# What the exercise asks
Would you retype exactly the lines from the one holding "2006 Rolex Datejust Ref. 116200" through the last line of the listing, and only those, without pictures?

# Data section
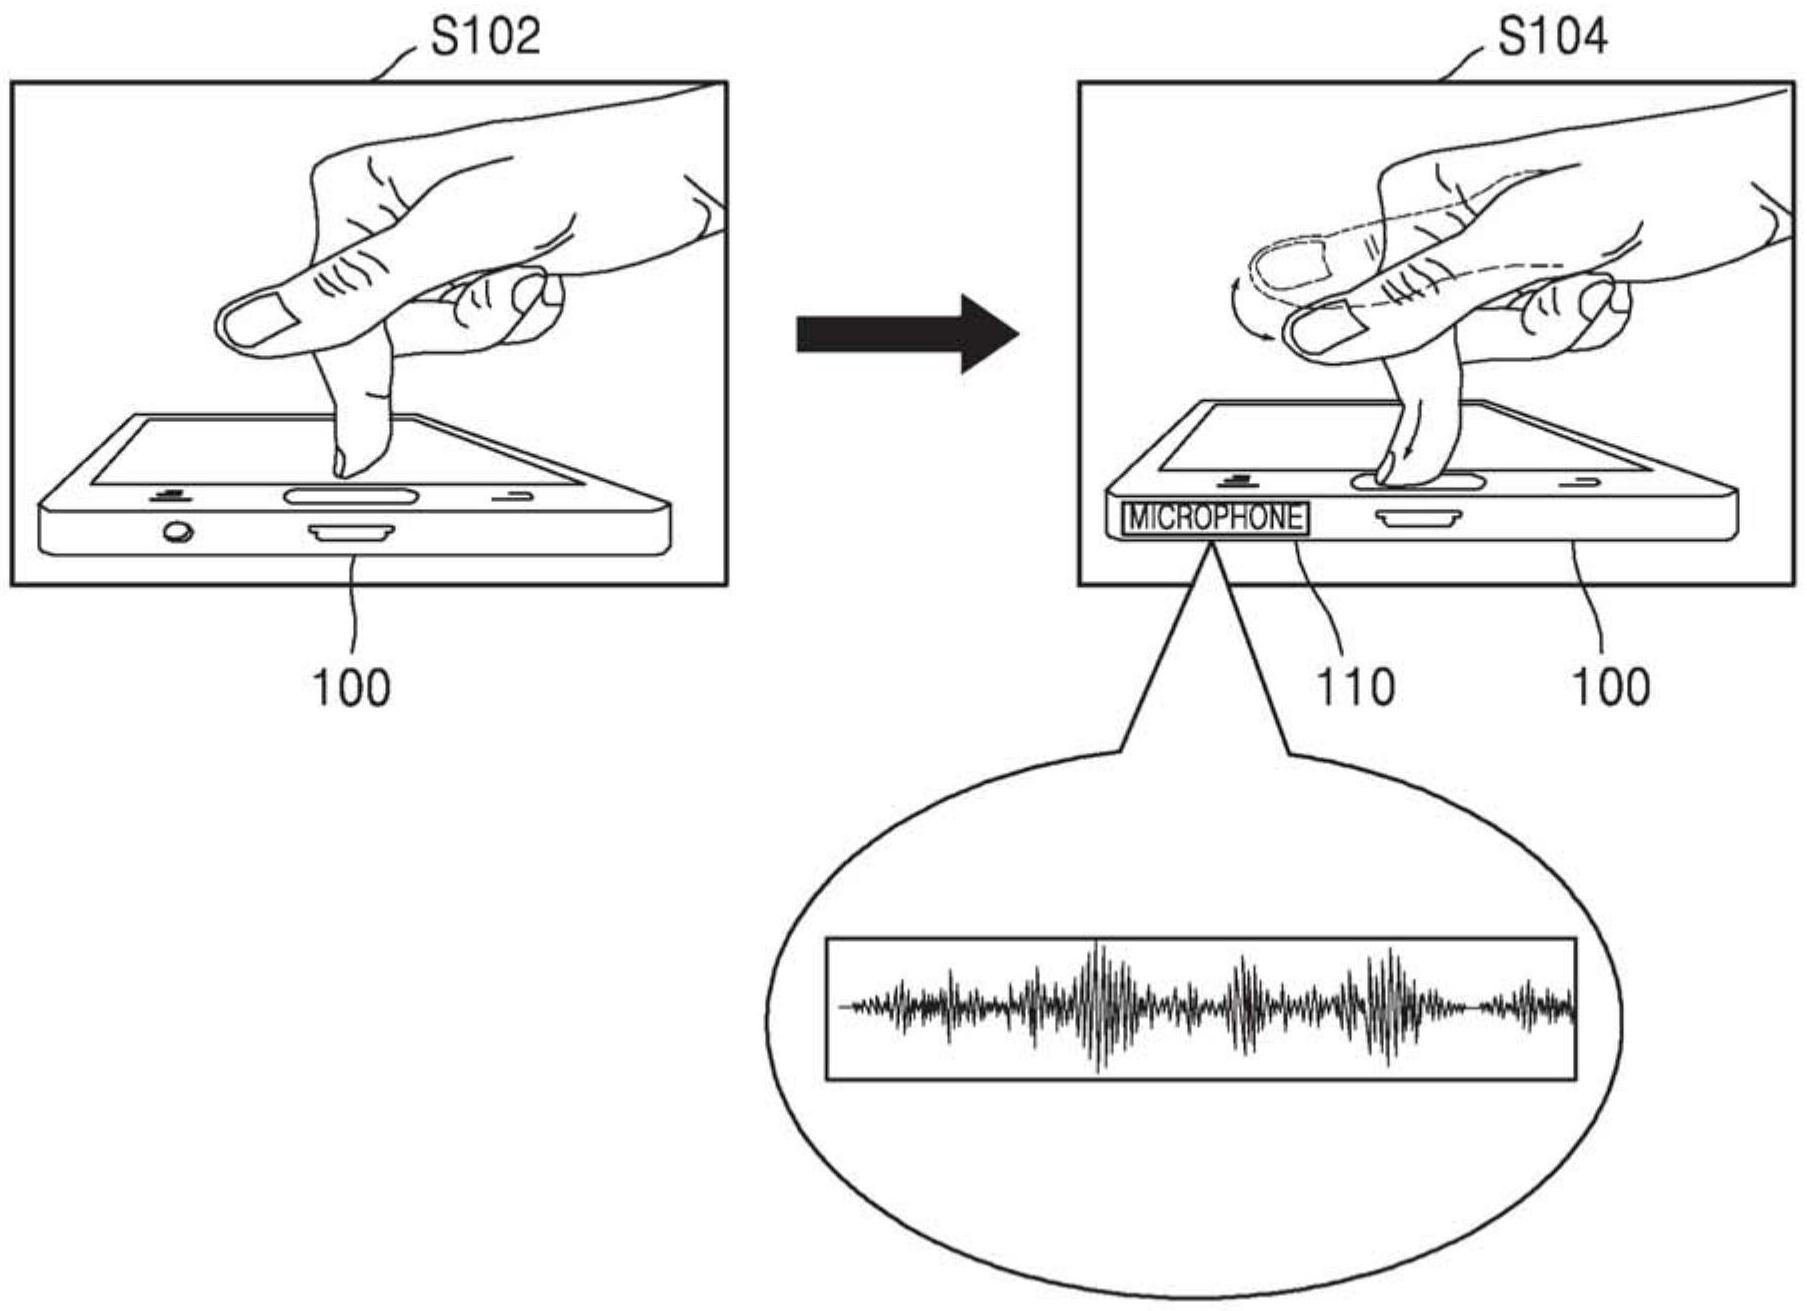 使用摩擦声音的方法和装置
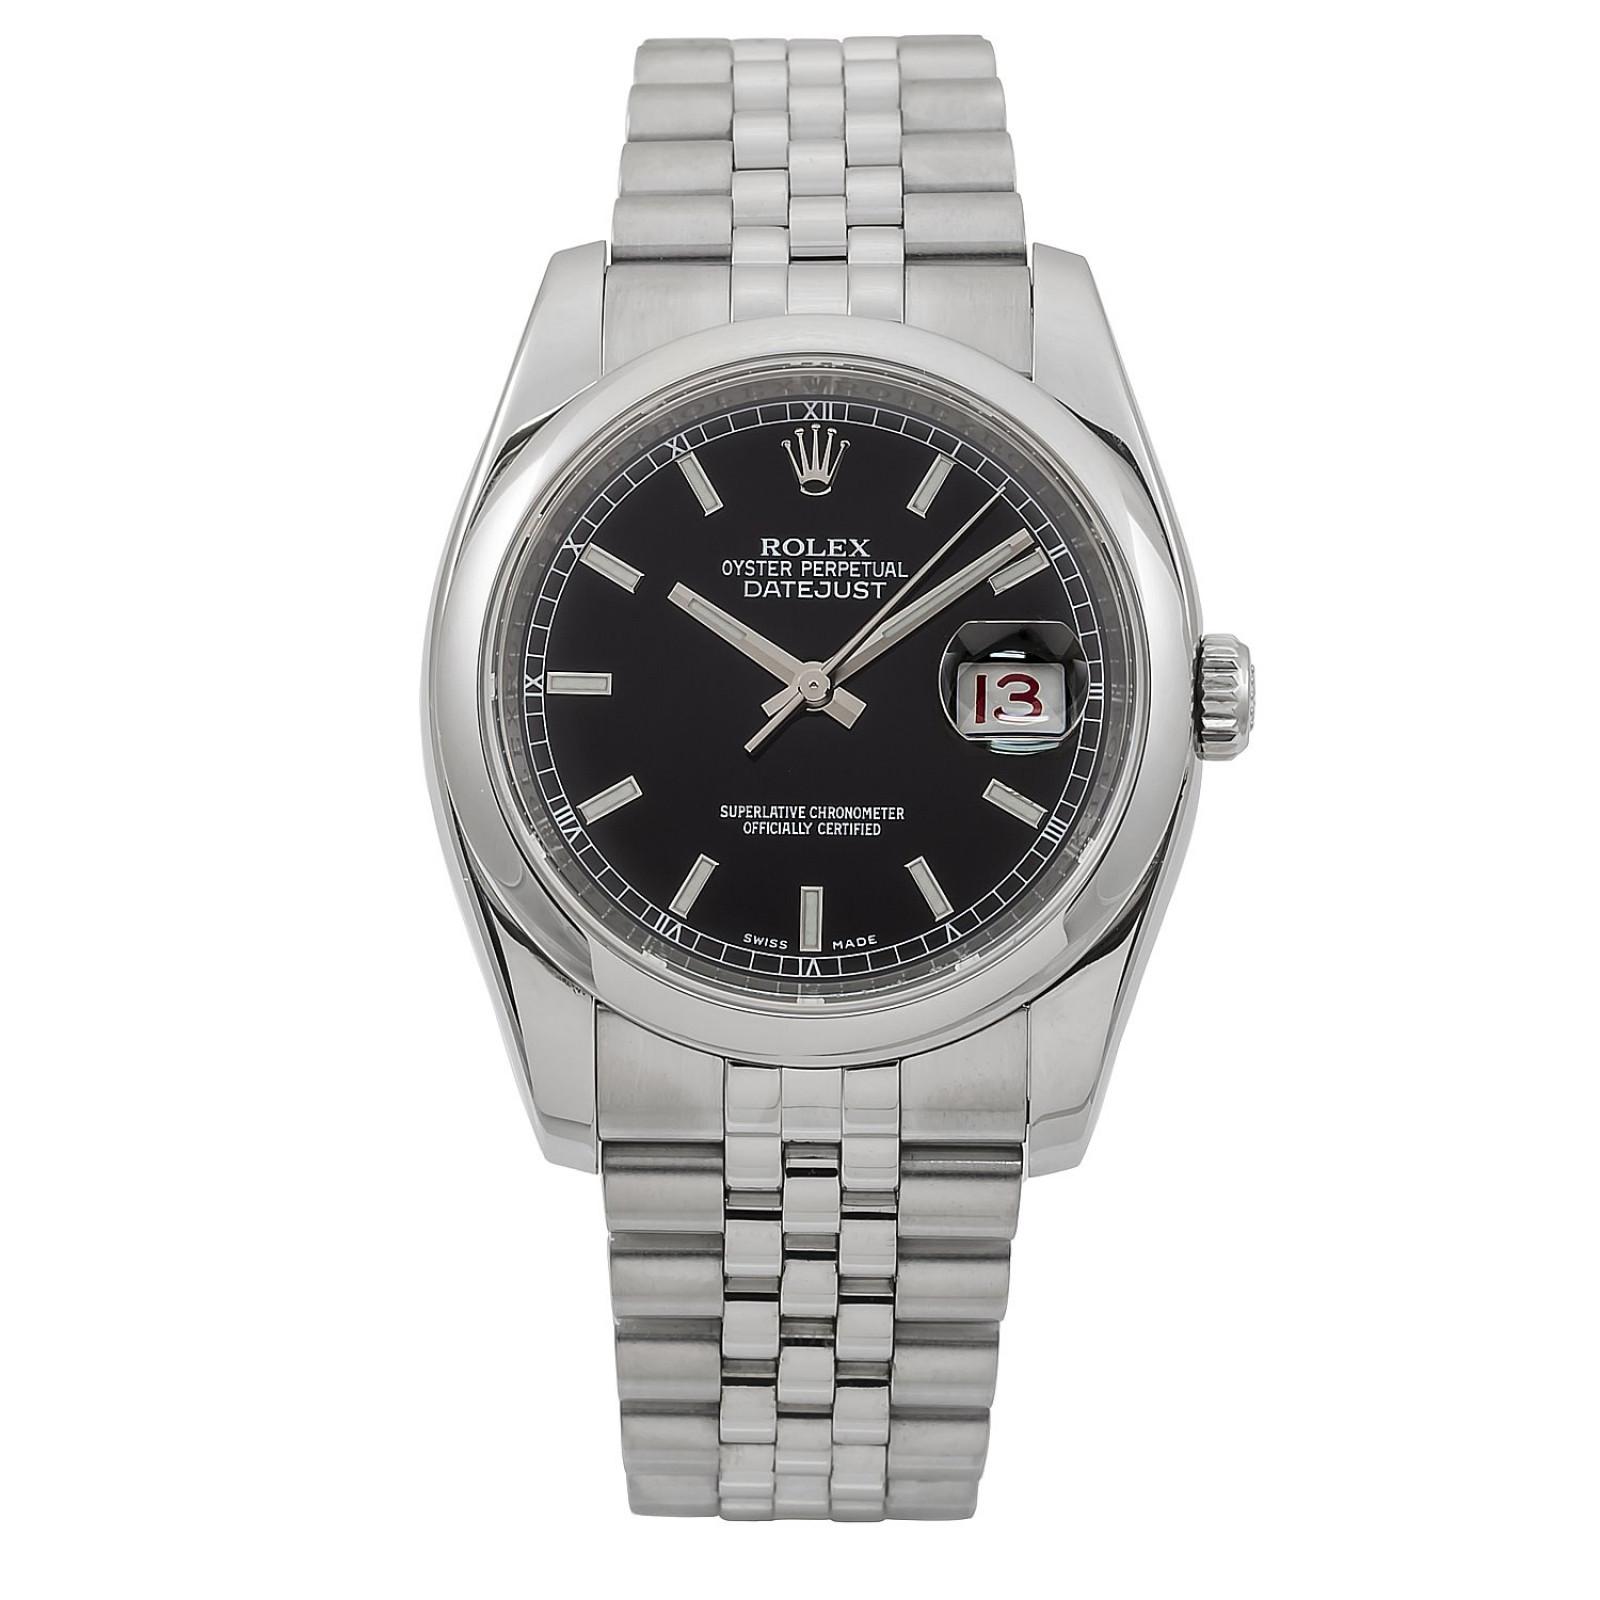 2006 Rolex Datejust Ref. 116200
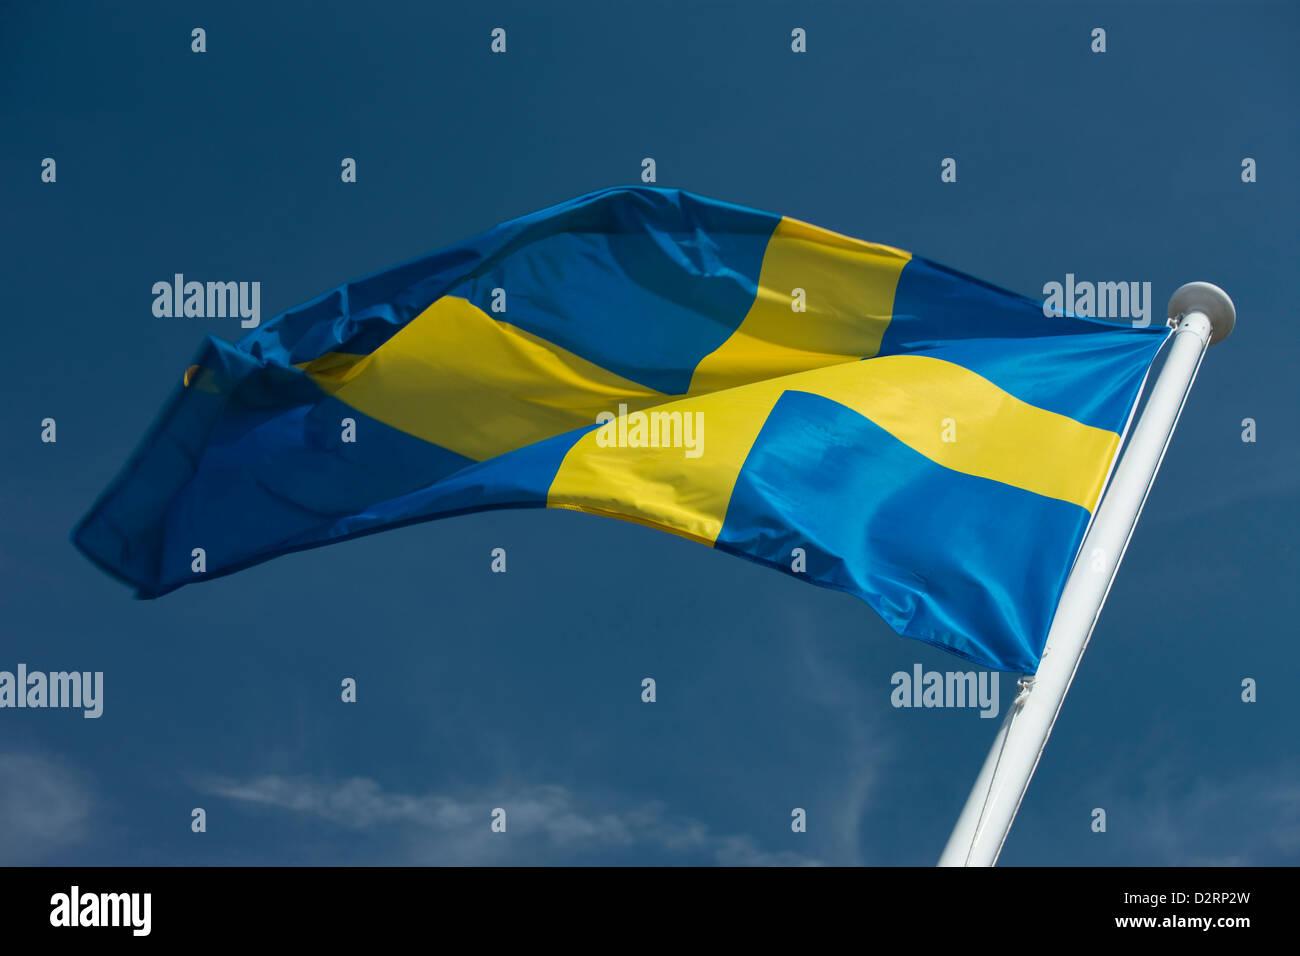 SWEDISH FLAG FLYING ON FLAGPOLE - Stock Image

# Output for this exercise
 2006 Rolex Datejust Ref. 116200
 SWEDISH FLAG FLYING ON FLAGPOLE - Stock Image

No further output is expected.